Ich werde aus oben genannten Gründen dort nicht nochmal mitfahren. Meine Lust auf 60km groben Schotter hält sich einfach in Grenzen.


----------



## apoptygma (29. Juli 2010)

Wave schrieb:


> Ich werde aus oben genannten Gründen dort nicht nochmal mitfahren. Meine Lust auf 60km groben Schotter hält sich einfach in Grenzen.



Also ich fand den Schotter dort im letzten Jahr wesentlich feiner als der noch in Sundern . Wollen wir mal nicht ungerecht sein.

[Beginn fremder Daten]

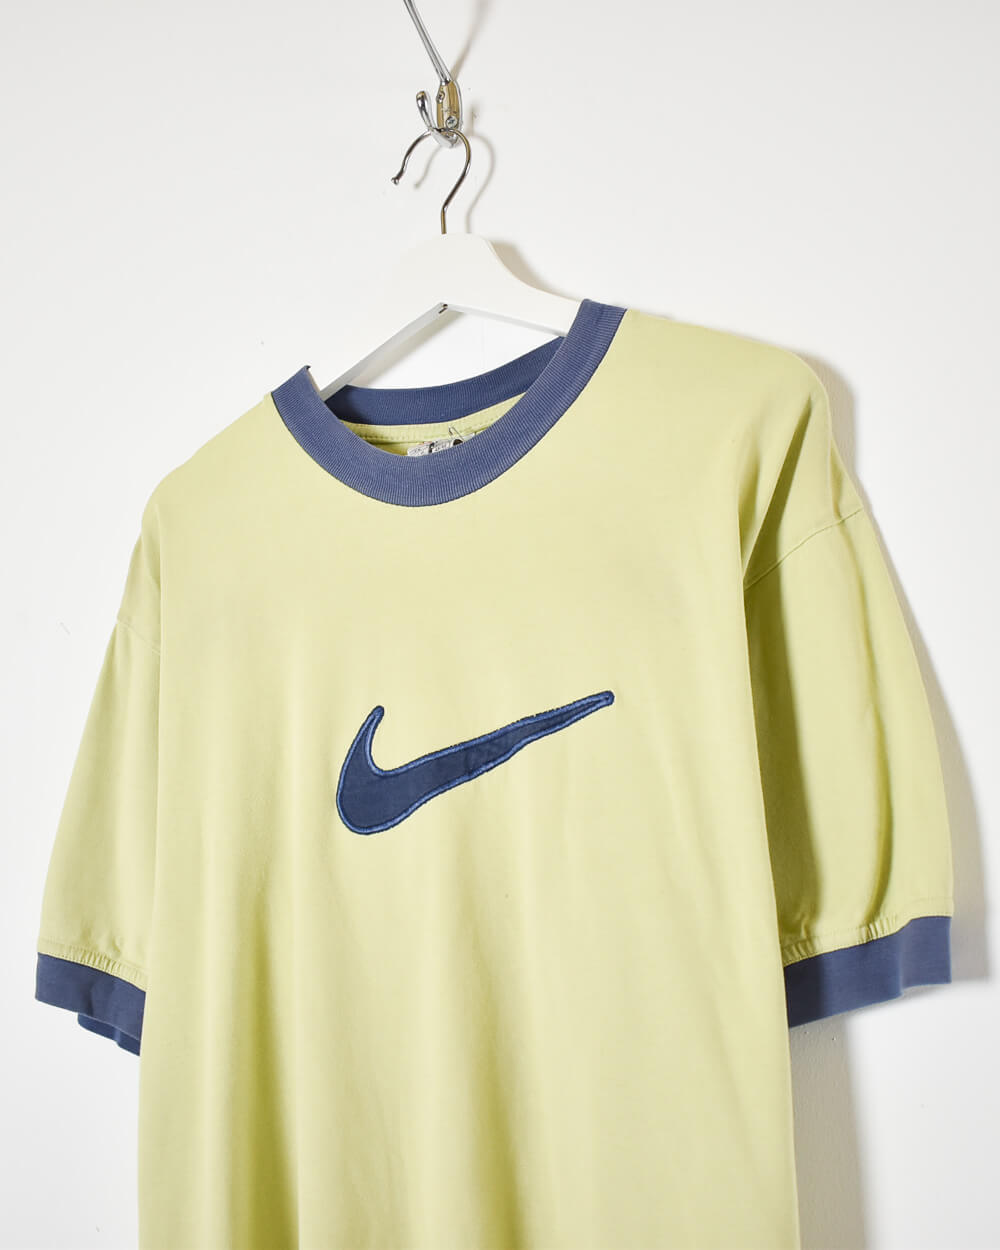 Green Nike T-Shirt - Medium

War auf jedenfall von der D-Geschwindigkeit für mich wesentlich schneller zu fahren.


----------



## Wave (30. Juli 2010)

Ok. Geb zu dass andere Marathons genauso viel Schotter bieten. Vllt liegt meine Antipathi auch an den 2 Platten im letzten Jahr.


----------



## apoptygma (30. Juli 2010)

Wave schrieb:


> Ok. Geb zu dass andere Marathons genauso viel Schotter bieten. Vllt liegt meine Antipathi auch an den 2 Platten im letzten Jahr.



Deswegen fahre ich derartug gelagerte Schotterstrecken immer mit Albert/Sam ;-) Bis dato ohne Panne.

In Wetter wurden dann meine nahezu abgefahrenen Fast Trak LK gefordert....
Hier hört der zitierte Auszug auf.